17yo guy built 14.7“ f/2.89 Newtonian reflector telescope - saadalem
https://www.reddit.com/r/space/comments/frdd1d/im_17_years_old_and_just_finished_building_this/
======
tzs
I think the most interesting part of homemade telescope making is that you can
check the curve of your homemade mirror to an accuracy of a fraction of a
wavelength of light with a handful of common household items. You can do this
using the Foucault knife-edge test [1] [2].

> It measures mirror surface dimensions by reflecting light into a knife edge
> at or near the mirror's centre of curvature. In doing so, it only needs a
> tester which in its most basic 19th century form consists of a light bulb, a
> piece of tinfoil with a pinhole in it, and a razor blade to create the knife
> edge.

Of course you don't need a light bulb. A candle will do. This means that once
you have a level of technology that can make glass discs, candles, something
opaque with a way to make a pinhole in it, something opaque with a thin
straight edge, abrasive grit in a range of sizes, and some way to coat a glass
surface with a thin layer of metal, you can make telescope mirrors.

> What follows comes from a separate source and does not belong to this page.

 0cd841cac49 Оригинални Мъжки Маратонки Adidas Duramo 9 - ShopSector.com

Much of that could be done in ancient times. The only things on that list I'm
not sure about are abrasive grit and coating the mirror.

You want a series of grits from coarse to very fine, and I have no idea when
grit making became refined enough to have such a range of sizes.

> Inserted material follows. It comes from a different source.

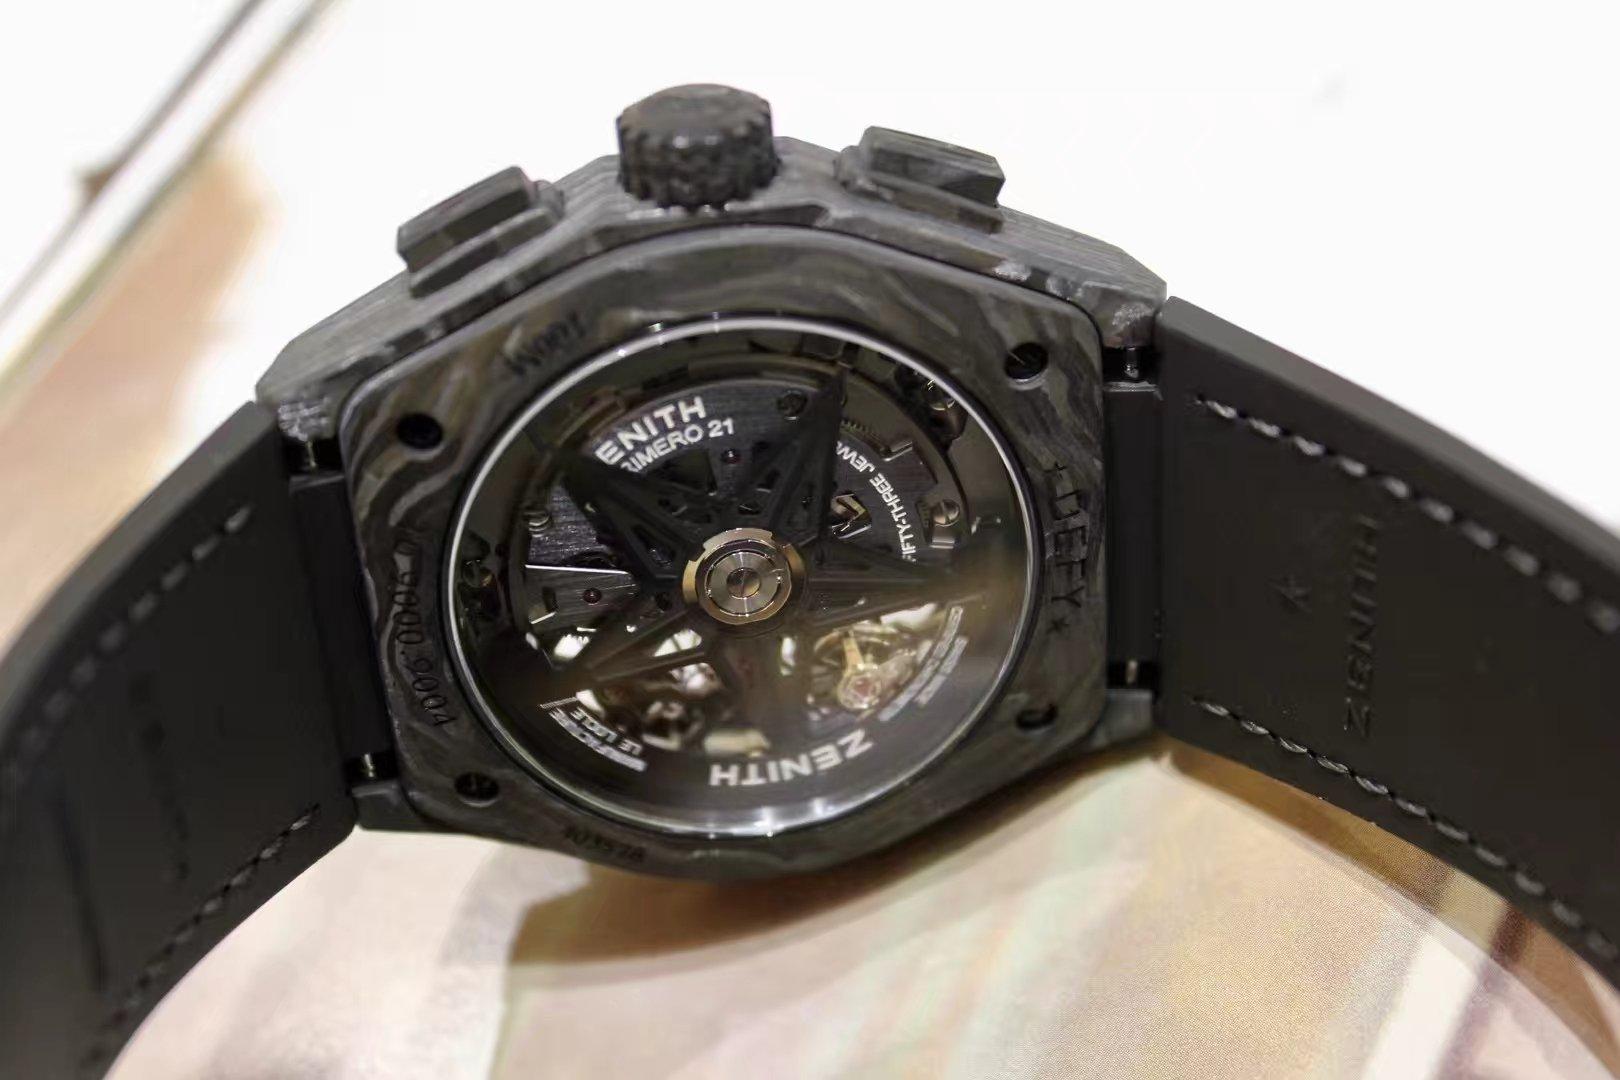 ZENITH真力时DEFY El Primero 21 系列镂空计时腕表,黑碳纤维材质10.9000.9004/96.R921插图2

Coating a mirror can be done with silver. Here are some instructions for doing
it at home [3]. You need silver nitrate, ammonium hydroxide, potassium
hydroxide, detergent, acetone, and nitric acid if you follow this
instructions, plus assorted hardware like stirring rods, absorbent cotton,
beakers and bottles, and that kind of thing. I think all of that goes back at
least a few hundred years.

[1] [https://en.wikipedia.org/wiki/Foucault_knife-
edge_test](https://en.wikipedia.org/wiki/Foucault_knife-edge_test)

[2]
[https://en.wikipedia.org/wiki/Amateur_telescope_making](https://en.wikipedia.org/wiki/Amateur_telescope_making)

[3]
[http://www.webstertelescopes.com/silvering.htm](http://www.webstertelescopes.com/silvering.htm)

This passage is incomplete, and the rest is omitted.